Throughout the Vietnam War, the North–South railway was a target of bombardments and sabotage by both North Vietnamese and South Vietnamese forces. The South, supported with the United States, reconstructed the track between Saigon and Huế in the late 1950s, a distance of 1041 km. Nevertheless, a relentless campaign of intense bombing and sabotage by the Viet Cong and North Vietnamese regular units resulted in the South Vietnamese railway system being unable to carry significant tonnages. 795 attacks were launched between 1961 and 1964 alone, eventually forcing the South to abandon many large sections of the track. The U.S. Army operating in South Vietnam had considerable interest in the North–South line because of the potential it offered in the bulk movement of cargo at low rates. The system was used to support the Military Assistance Command, Vietnam, construction program and transported hundreds of thousands of tons of rock and gravel to air base and highway sites.

In North Vietnam, American bombing of railways was concentrated on key targets such as railway bridges, both along the North–South railway and along the lines north of Hanoi, such as the Hanoi–Lào Cai and Hanoi–Dong Dang lines.

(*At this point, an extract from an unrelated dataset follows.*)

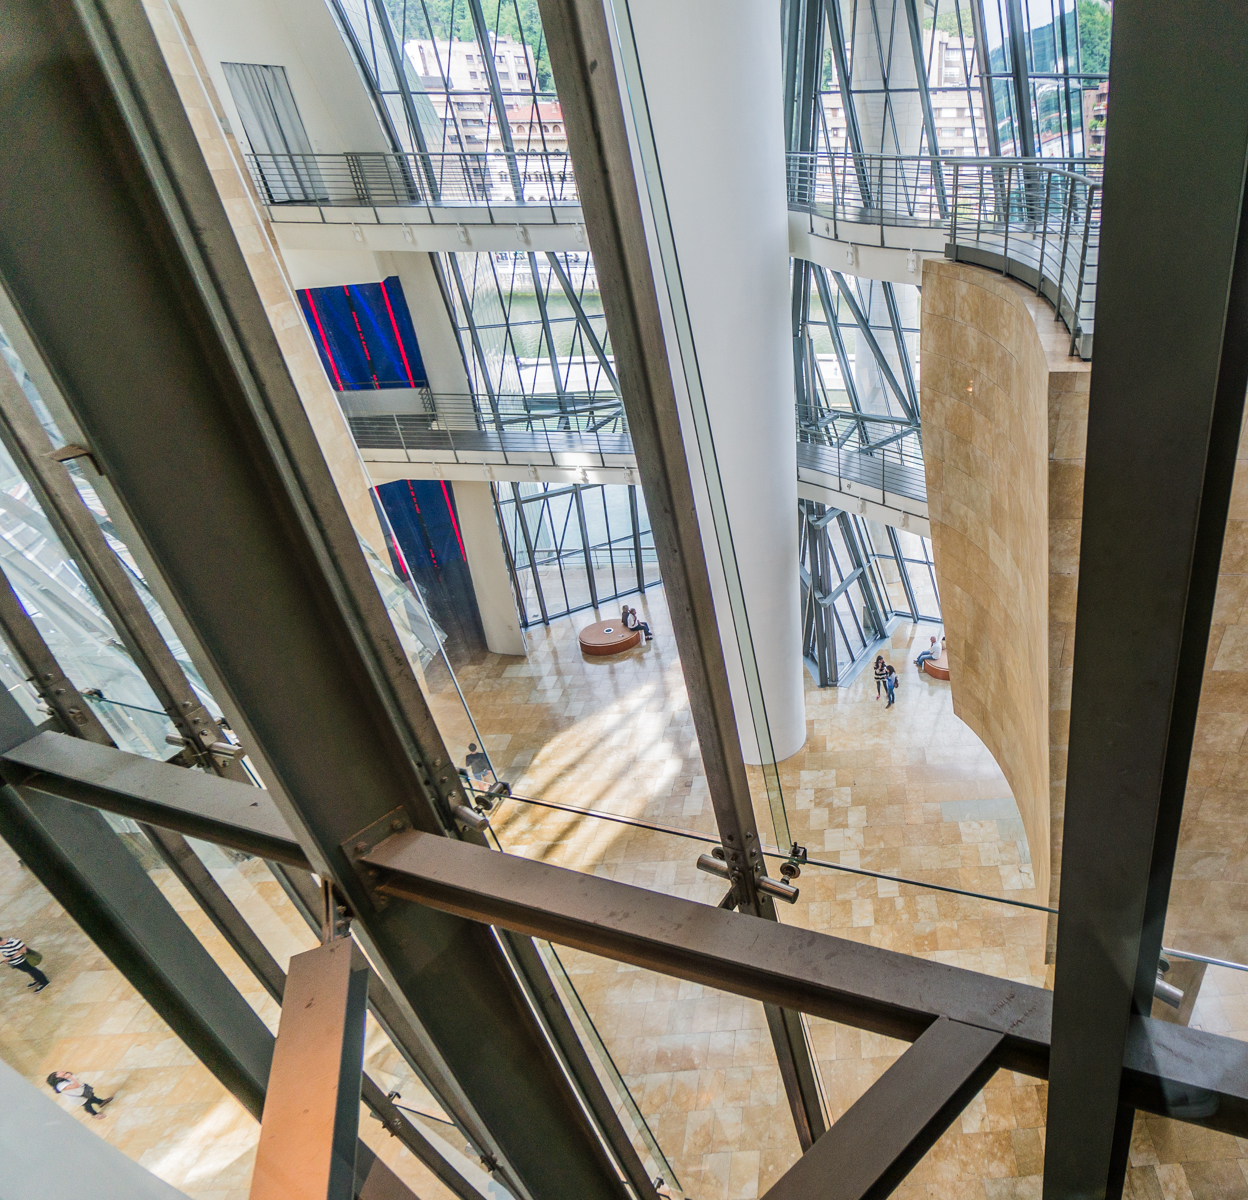 Lobby of Guggenheim Museum Bilbao viewed from one of the glass-walled elevators | Photo by Mike Hudak
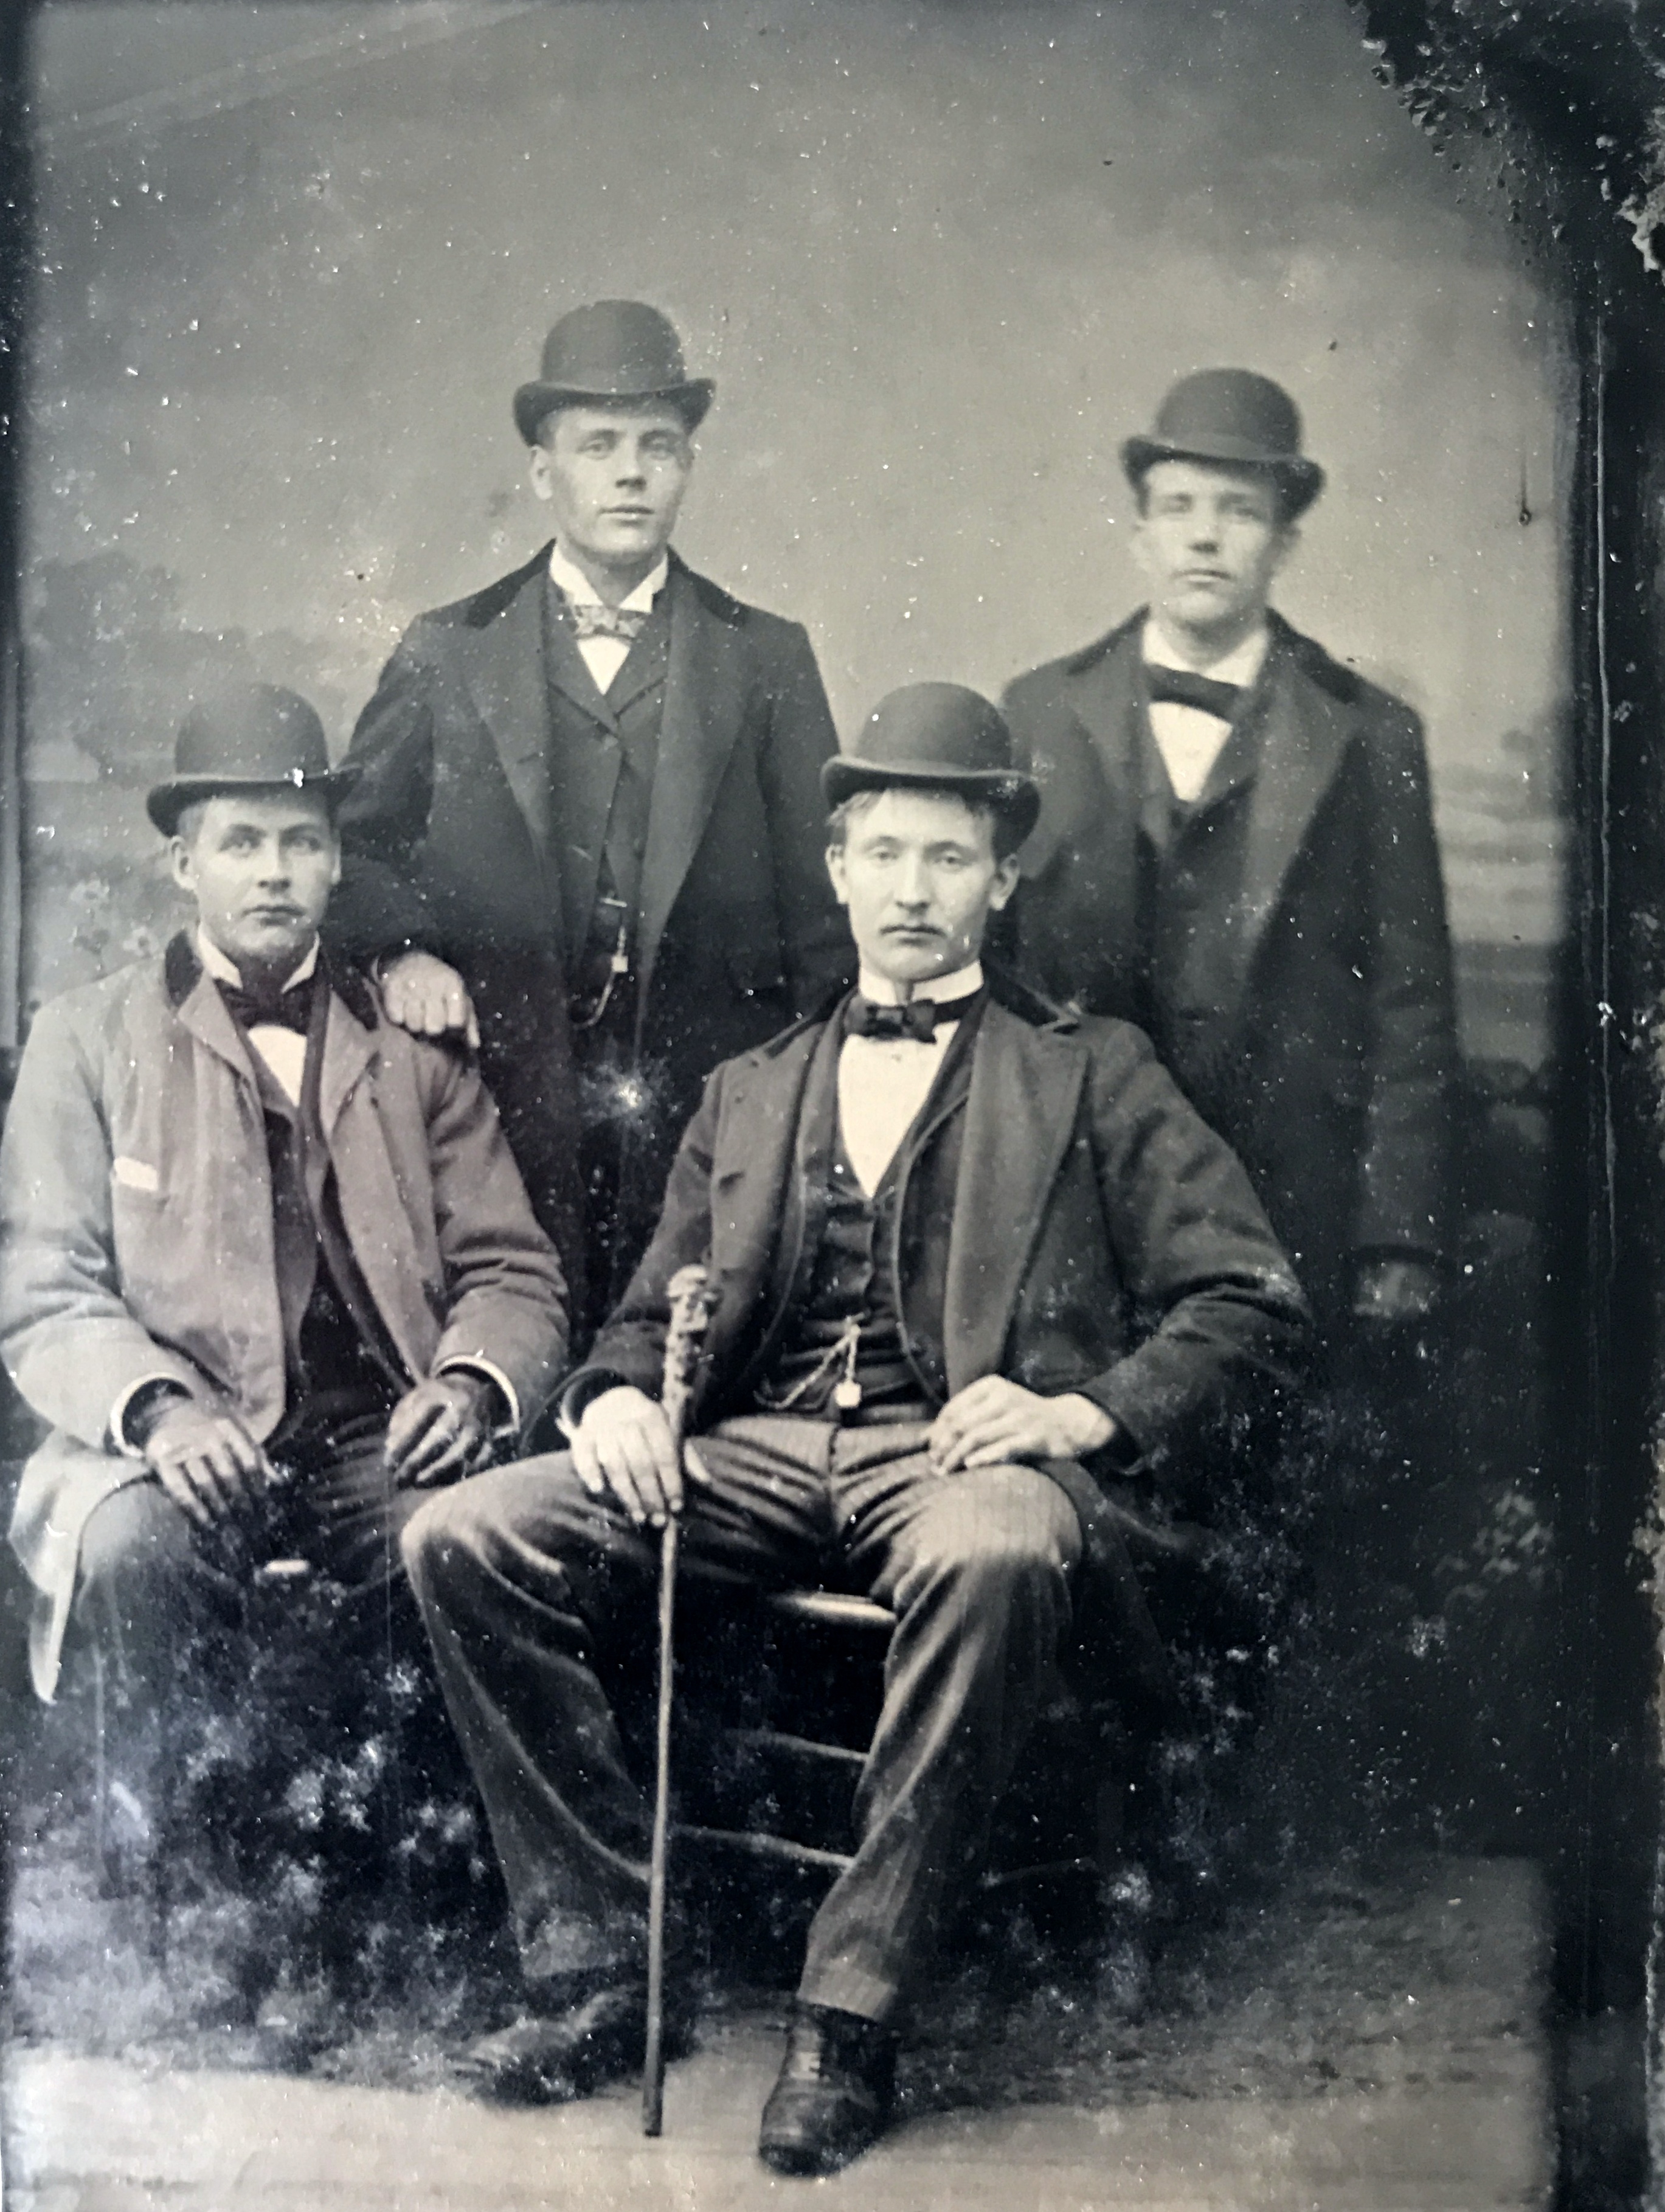 Two brothers with two friends in Plainfield, NJ 1893

Operation Rolling Thunder was the first large-scale bombing campaign carried out by the U.S. Air Force, taking place from 2 March 1965 until 1 November 1968, when US President Lyndon B. Johnson temporarily called off air raids. Large-scale air raids resumed from 9 May to 23 October 1972, for Operation Linebacker, and again from 18 December to 29 December 1972, for Operation Linebacker II, with fewer target restrictions than Rolling Thunder.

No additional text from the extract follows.